Album Review: Bleached – Ride Yor Heart

Los Angeles – Bleached is somewhere between Hole and The Donnas, with a hint of carousel.

The name sounds like what it is: dirty, beach, rock.  It could be the album art that completes the vibe (a blue-stained picture of a girl dangling out of a car window, mane a-flowing), but “Ride Your Heart” plays like exalted, youthful, rebellious, hipster, California living.

Sisters Jennifer and Jessica Clavin are the blonde, sunglasses-clad creators of Bleached, which came about after the dissolution of their former band, Mika Miko.  As they describe it, Bleached is an almost accidental project, worked on via correspondence while living separately in New York and LA, and it became a testing ground for different kinds of music.

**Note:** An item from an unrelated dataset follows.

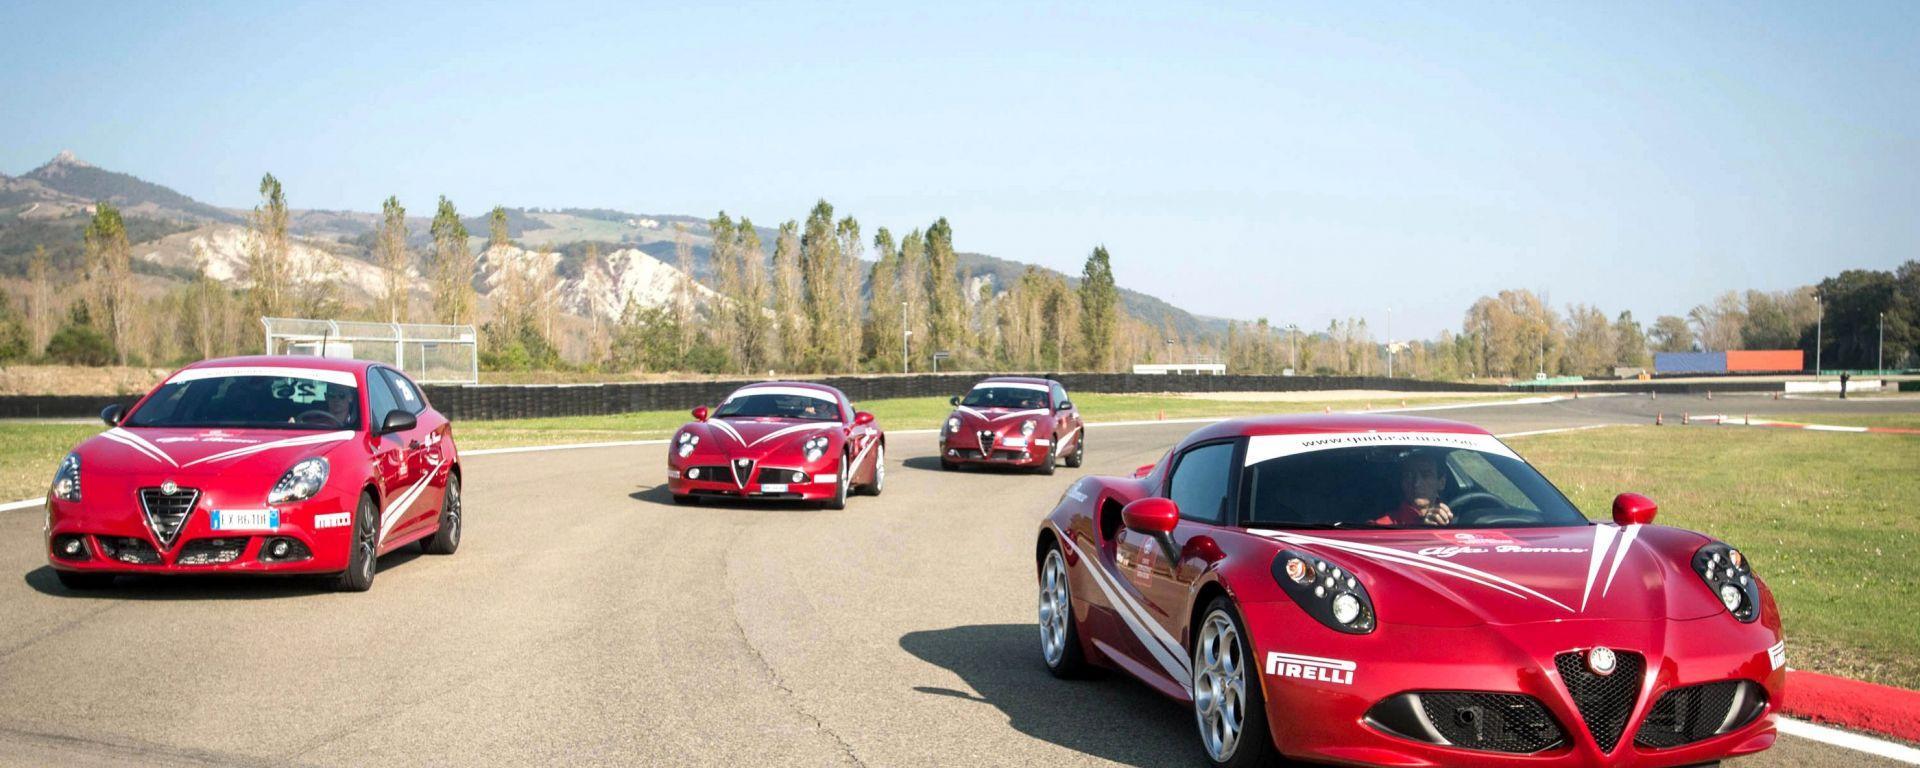 Alfa Romeo Drive Experience: Guida Evoluta
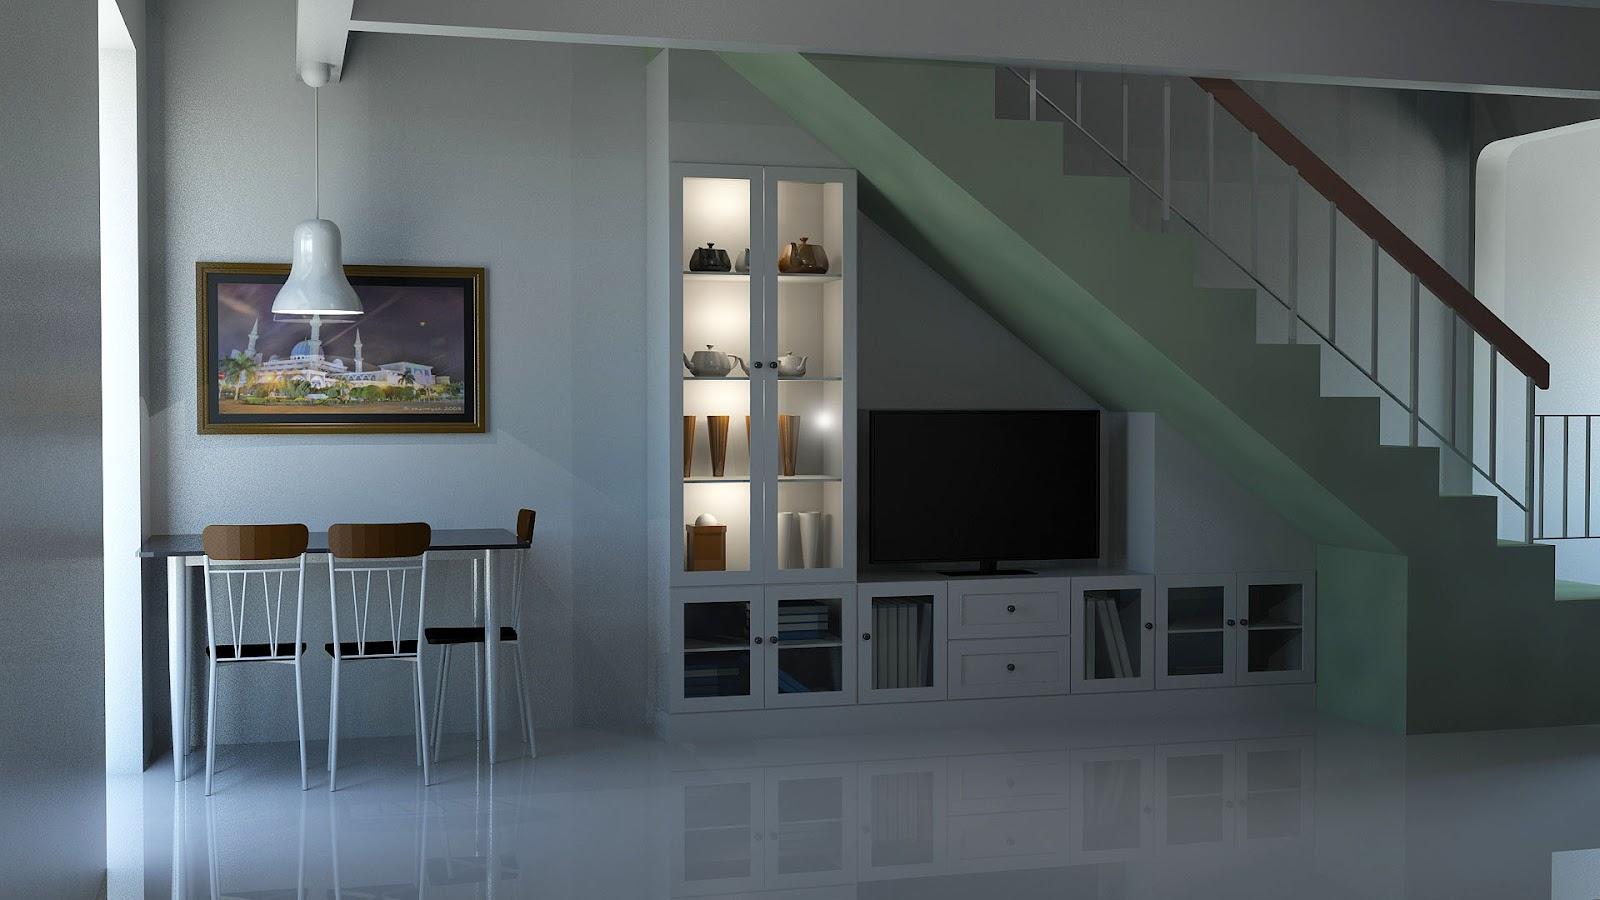 Islamic Interior / Exterior Design: Ubahsuai ruang tamu dan dapur ...

Indeed, it is a far cry from the boisterous, aggressive Mika Miko, an all-female punk band known for their trademark frenetic live shows. Formed in 2003 and a prodigy of The Smell, a Los Angeles all-ages punk/noise/experimental venue, Mika Miko toured extensively throughout the US, Europe and Japan for the better part of the decade before disbanding in 2009.  Their emphasis on live shows is one that has carried over into Bleached.  The girls feel their live prowess, and bonding with audience, is their best take away.  But the album isn’t bad, either.

For the already veteran performers (Jennifer also played keyboard with Cold Cave and Jessica bass with Cold Showers), the new territory is a much mellower sound. Raw, semi-polished, uncomplicated. A harkening back to the early days of Ramones’s punk, mixed with a bit of grunge and pop.  The aggression isn’t there.  “Ride Your Heart” has a lighter, more lackadaisical feel.  Wander-y, optimistic, sweet, a bit hazy, all while riding the simplicity and enthusiasm of the trademark punk beat. The lyrics vary from the more thought-provoking (“Dead in Your Head”) to the more traditional, dim-witted punk lyrics (“Looking for a Fight.”)  Overall it is fun, dreamy, and likeable.  And quick—most of the songs are less than three minutes, some barely two.

It is also rather uncanny how much this album sounds like California. It’s an image inducing experience: Carnival lights, PCH, PBR, beach, summer nights, smog, one-story buildings, cracked pavement. The “California” theme is one way past saturation, musical or otherwise, but for this it works.  The album sounds like California, without touting it. It just naturally is, like the girls themselves, who grew up in the San Fernando Valley and first started playing music in high school out of their garage. But mostly, the album’s about love.

It is an exciting new start for the sisters, who are currently finishing a busy end of summer/fall season: A European tour, and before that a North American tour. It will be interesting to watch their progress, and to see if the band continues in the vein that it was started—as a soundboard for adaptation.

A highlight is “Dead in Your Head,” probably the best song on the album, but all the songs are good.